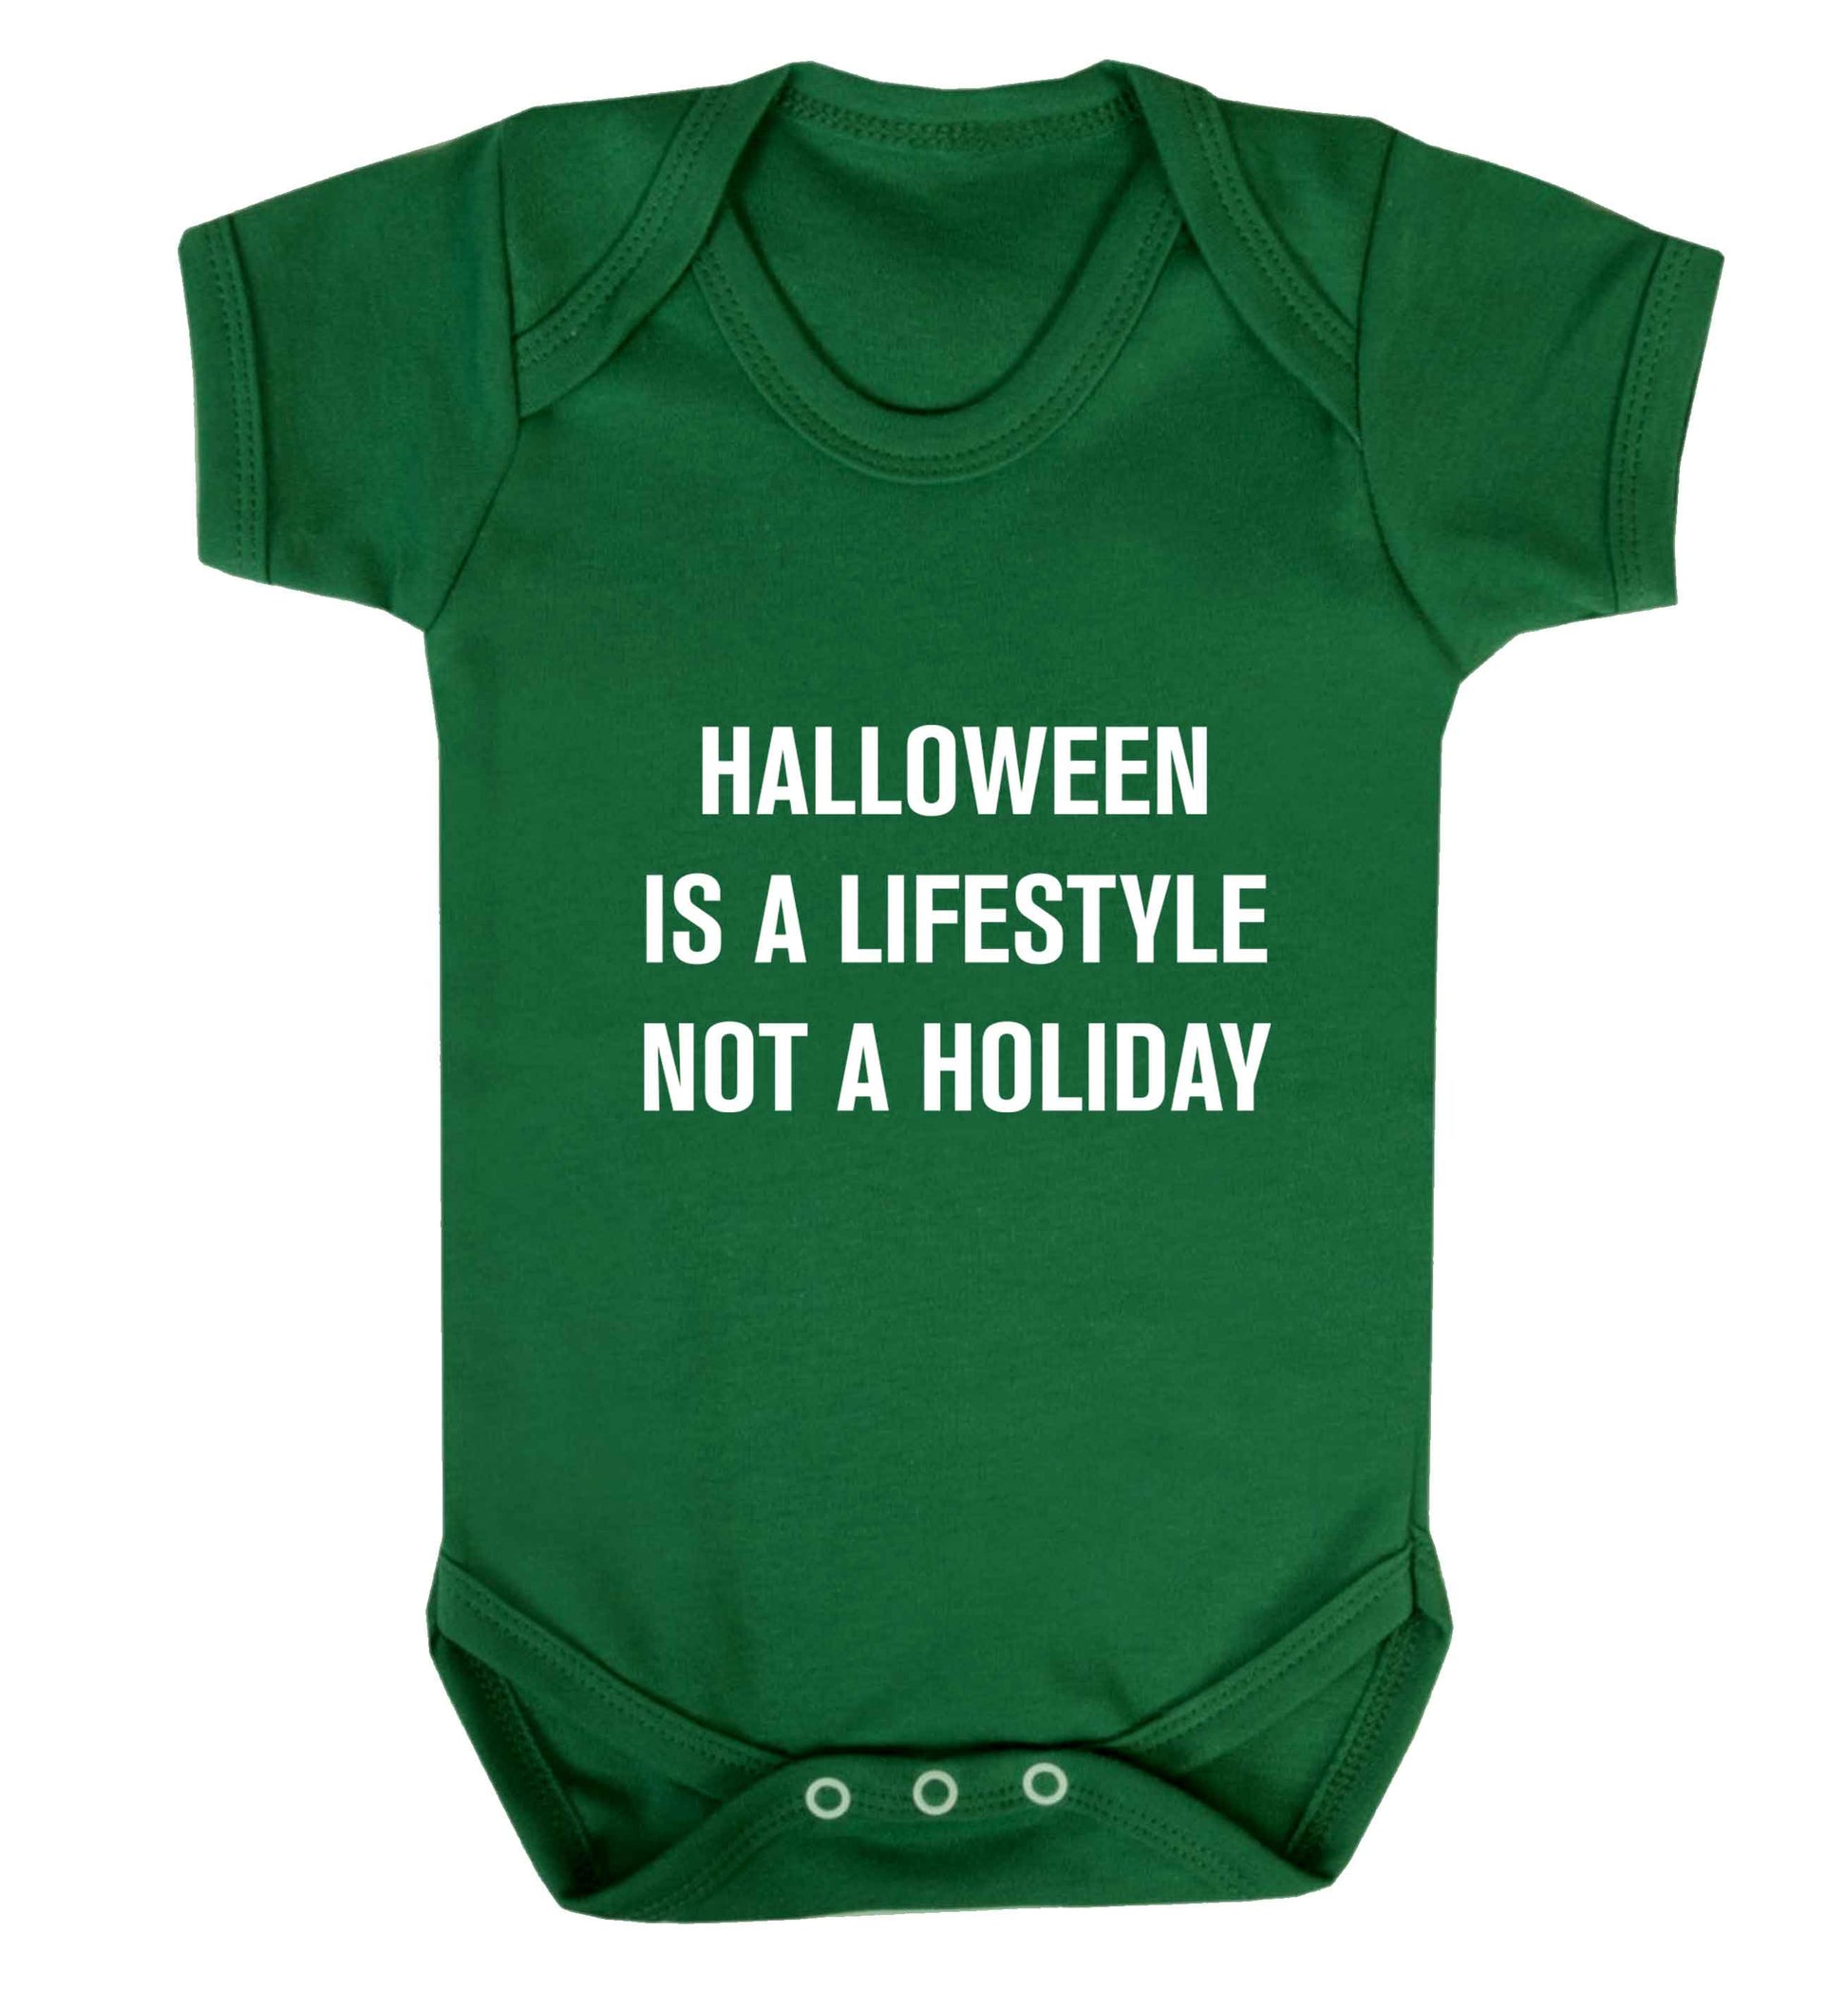 Halloween is a lifestyle not a holiday baby vest green 18-24 months
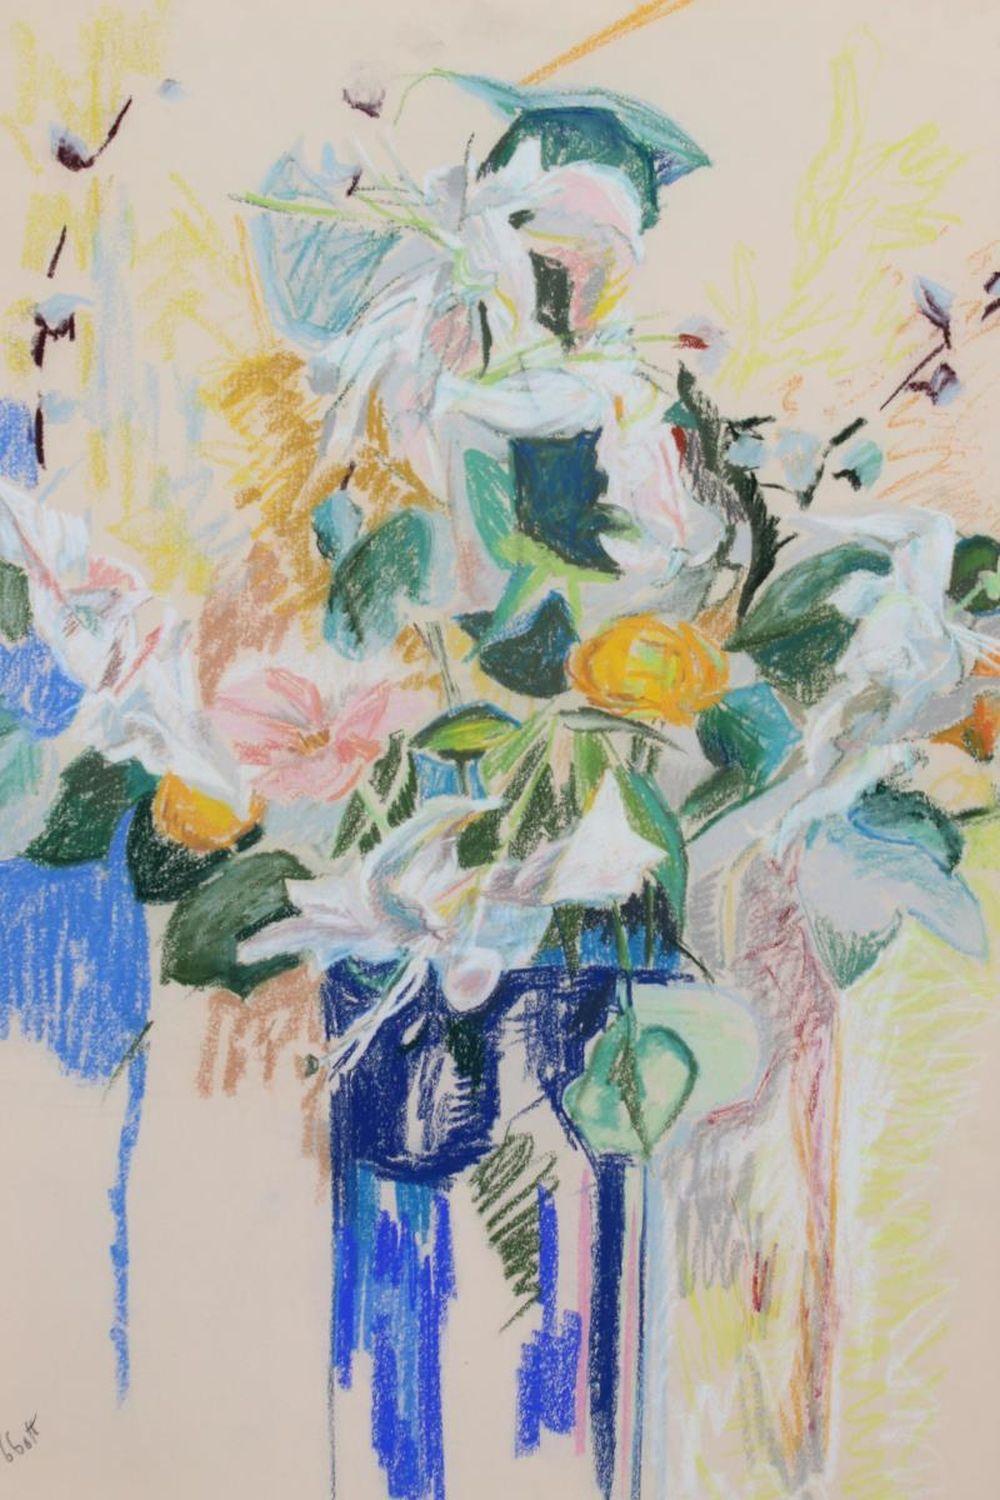 Mary Abbott
Flowers, circa 1950
Signed lower left
Pastel on paper
30 x 22 1/4 inches

Provenance:
Aaron Galleries, Glenview, Illinois

Among the early exponents of Abstract Expressionism, Mary Abbott created powerful oil paintings in which she
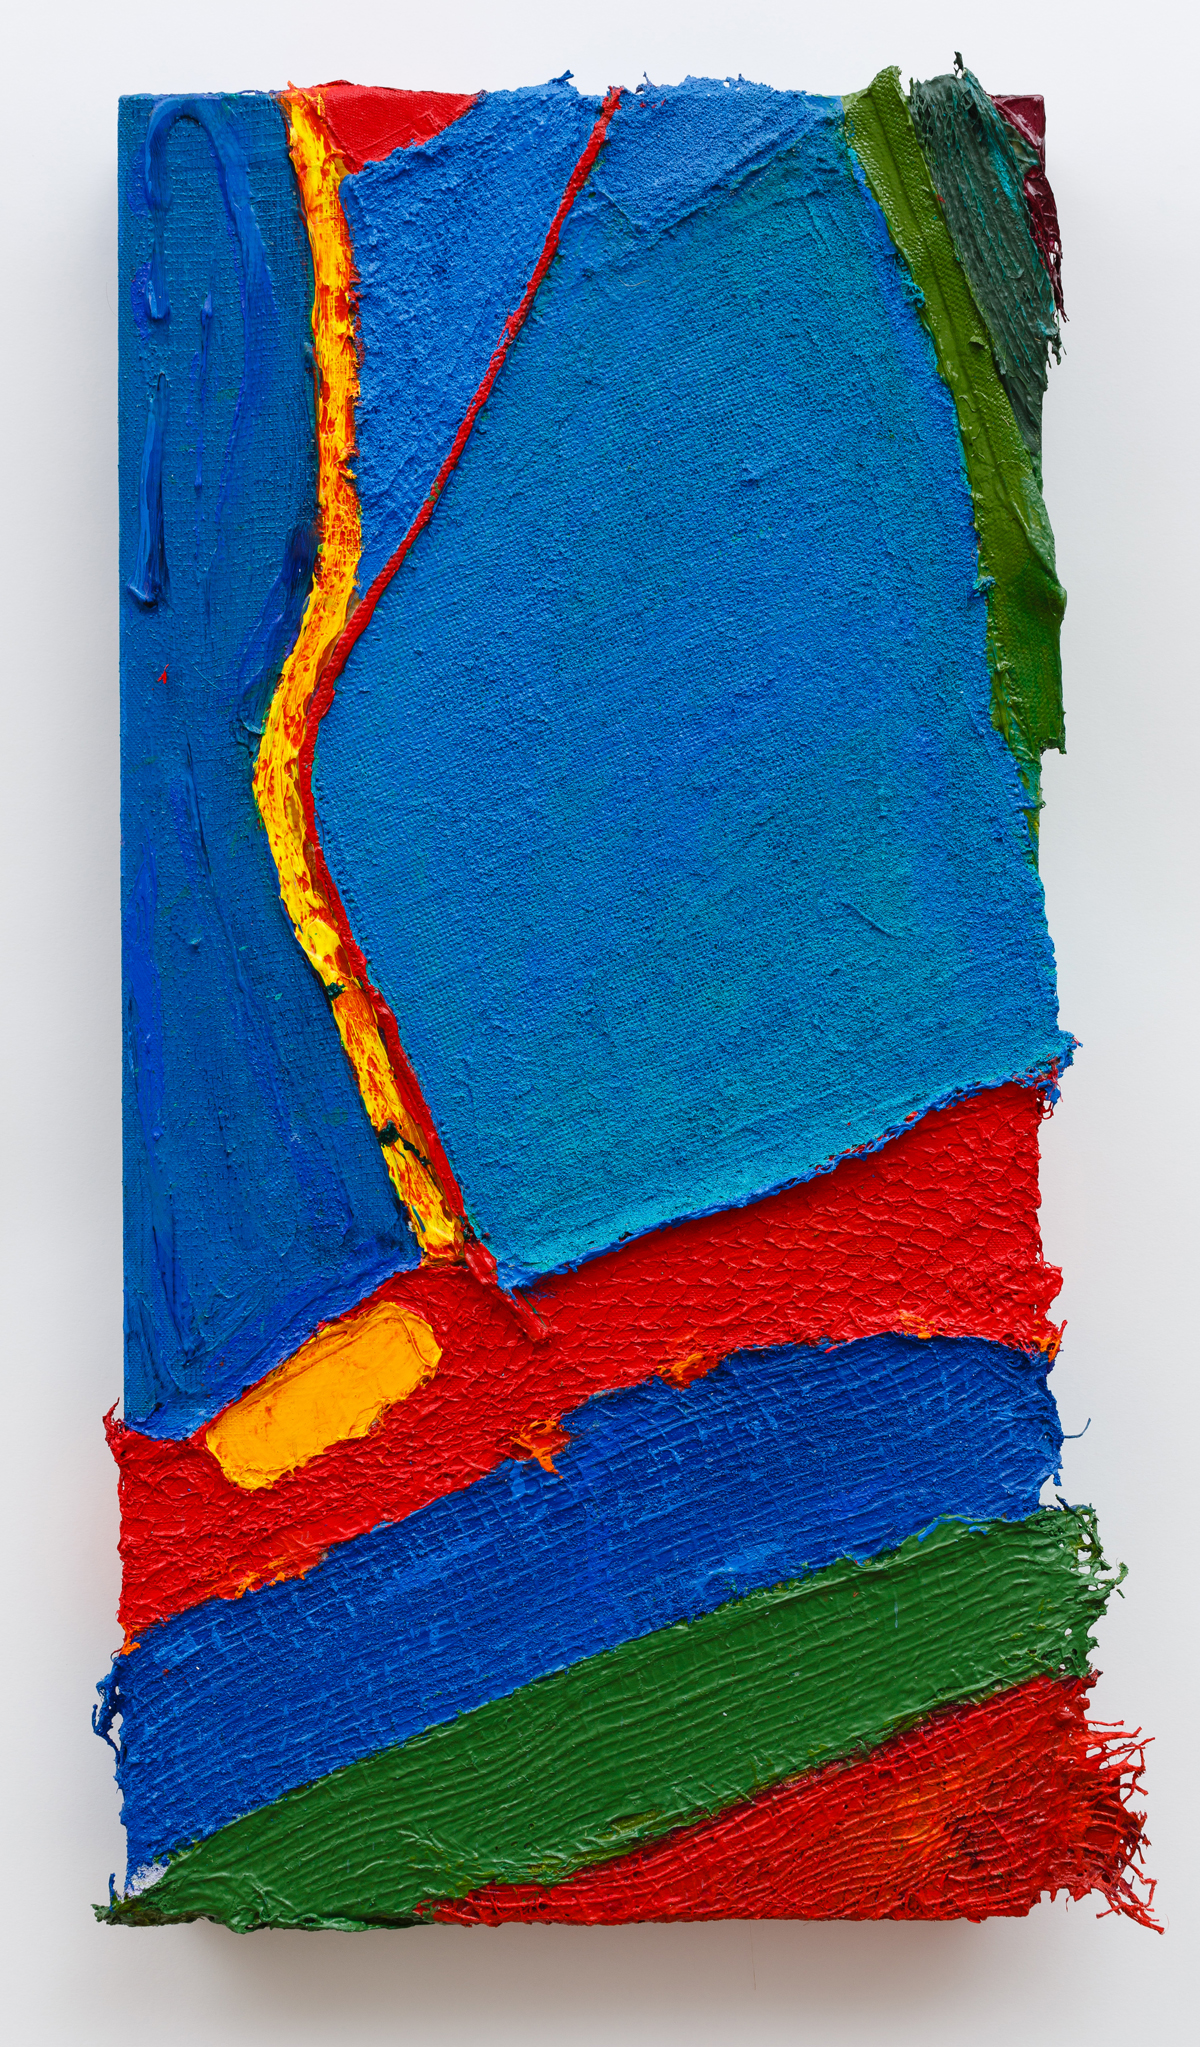 Electricity (2011), Acrylic and Pumice on Bootlace, Fruit Netting, Hessian Scrim, Plastic Netting, Cloth and Canvas, 24 x 12 inches

• • •

Your copy should consist only of the lines from the one containing "Aaron Galleries, Glenview, Illinois" through the last line of the entries above, reproduced exactly, without pictures.

Aaron Galleries, Glenview, Illinois

Among the early exponents of Abstract Expressionism, Mary Abbott created powerful oil paintings in which she
 Electricity (2011), Acrylic and Pumice on Bootlace, Fruit Netting, Hessian Scrim, Plastic Netting, Cloth and Canvas, 24 x 12 inches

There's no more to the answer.